Scores approached 30 per cent when the three-formant analogues were created using frequency and amplitude contours that were reconstructed from the amplitude-envelope information carried by the three band pairs comprising the NV analogues of the original speech. Hence, RF speech was still nearly half as intelligible as EF speech, even using such a simplistic approach to reconstructing the formant-frequency contours from the NV speech. The frequency resolution of normal-hearing listeners far exceeds that required to retrieve this information from the representation of NV speech in the peripheral auditory system (see e.g. [28]). Performance was halved again for CF speech, for which the reconstructed frequency contours were replaced with constant values set to the geometric mean of each formant track. At least in part, the non-zero performance for the CF speech might be because the reconstructed amplitude contours still convey useful information about vocal tract dynamics. Note, however, that simulations comparing randomly generated text strings with those specifying the stimuli used here suggest that baseline phonetic scores can be in the region of 15 per cent for entirely unintelligible speech; the mean score for the CF stimuli was 12 per cent. Remez & Rubin [29] explored the relative contributions of variations in the frequency and amplitude contours of formants to the intelligibility of sine-wave speech, created by adding together pure tones that follow the frequency and amplitude contours of the lower formants [30,31]. They concluded that frequency variation is far more important than amplitude variation for maintaining intelligibility; this is also true for across-formant grouping in sine-wave speech [32].

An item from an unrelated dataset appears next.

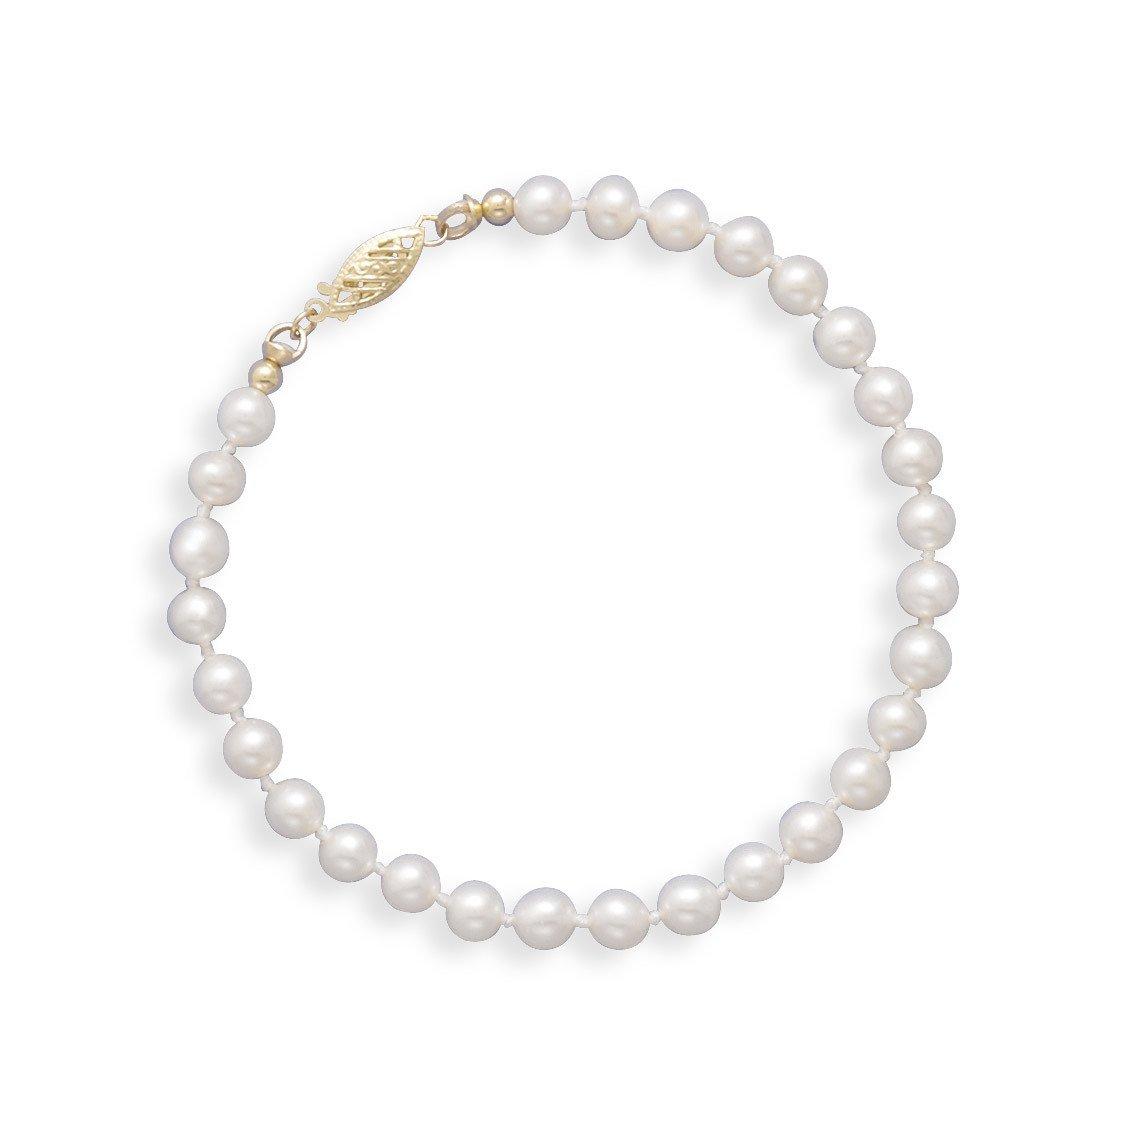 7″ 5-5.5mm Cultured Freshwater Pearl Bracelet

The higher recognition scores observed for the RF relative to the CF condition support the notion that changes in the relative amplitudes of different bands in NV speech convey useful phonetic information about formant frequency variation. Consistent with this view, the effect of quantizing the amplitude envelope into a small number of steps (<8) has a much greater impact on the intelligibility of sine-vocoded speech processed through a small (6) rather than a large (16) number of channels, presumably because the reduced information available from across-channel amplitude comparisons makes it more difficult to infer the underlying formant frequencies [25]. The importance of combining information across a small number of channels to reconstruct signal properties supporting intelligibility is also evident in Apoux & Healy's [33] demonstration that phonemes can be identified from relatively few randomly selected channels, even when noise is present in other channels. Dorman et al. [3] suggested that the mechanism mediating the high degree of intelligibility achievable with a small number of channels may be the same as that mediating the recognition of speech produced by talkers with a high fundamental frequency.

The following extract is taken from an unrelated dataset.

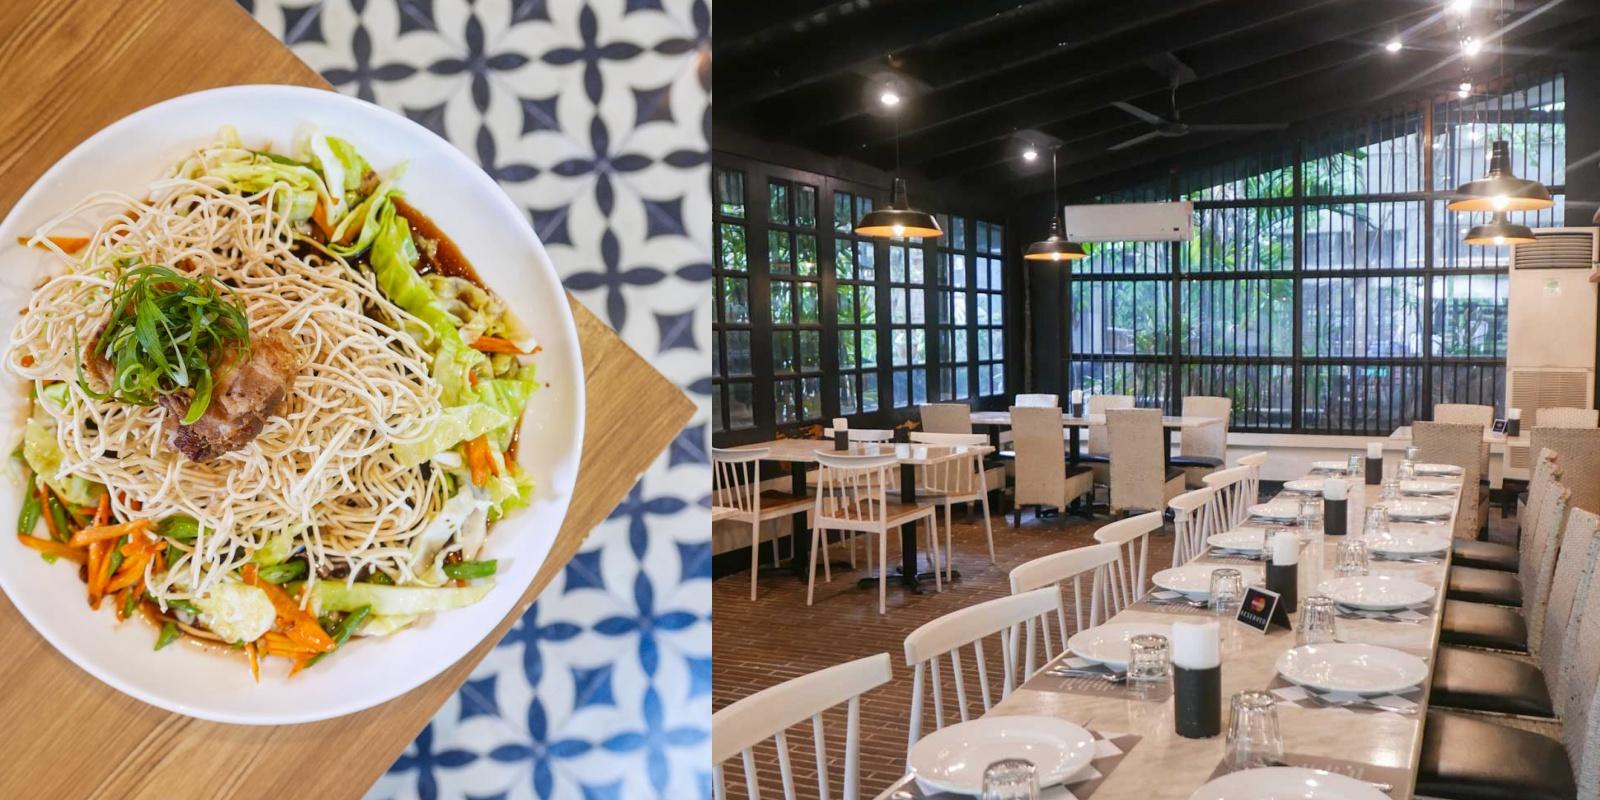 Revisiting Lola Cafe, one of QC's hidden restaurant gems

Recently, more direct evidence that the frequency contours of formants can be inferred from across-channel amplitude comparisons, at least for single formant transitions, has been provided by Fox et al. [34]. Their study explored the role of F3 transitions in distinguishing the place of articulation of initial stops in the syllable pairs [da]-[ga] and [ta]-[ka]. They compared actual F3 transitions with virtual ones, where the percept of a frequency transition was cued by a dynamic change in the spectral centre of gravity over 50 ms arising from a smooth but rapid change in the relative amplitude of two noise-excited formants with constant frequency (1907 and 2861 Hz). These frequencies are easily resolvable by the peripheral auditory system, but fall within the much larger bandwidth of about 3.5 critical bands (roughly five equivalent rectangular bandwidths [35]) over which the central auditory system appears to integrate phonetic information (e.g. [36–38]). Virtual F3 transitions were broadly comparable with actual F3 transitions in supporting the correct identification of initial stops; listeners could also distinguish the direction of the F3 transitions when heard in isolation as rising or falling, whether actual or virtual. Fox et al. [34] concluded that amplitude and frequency information can be combined in the perception of formant transitions.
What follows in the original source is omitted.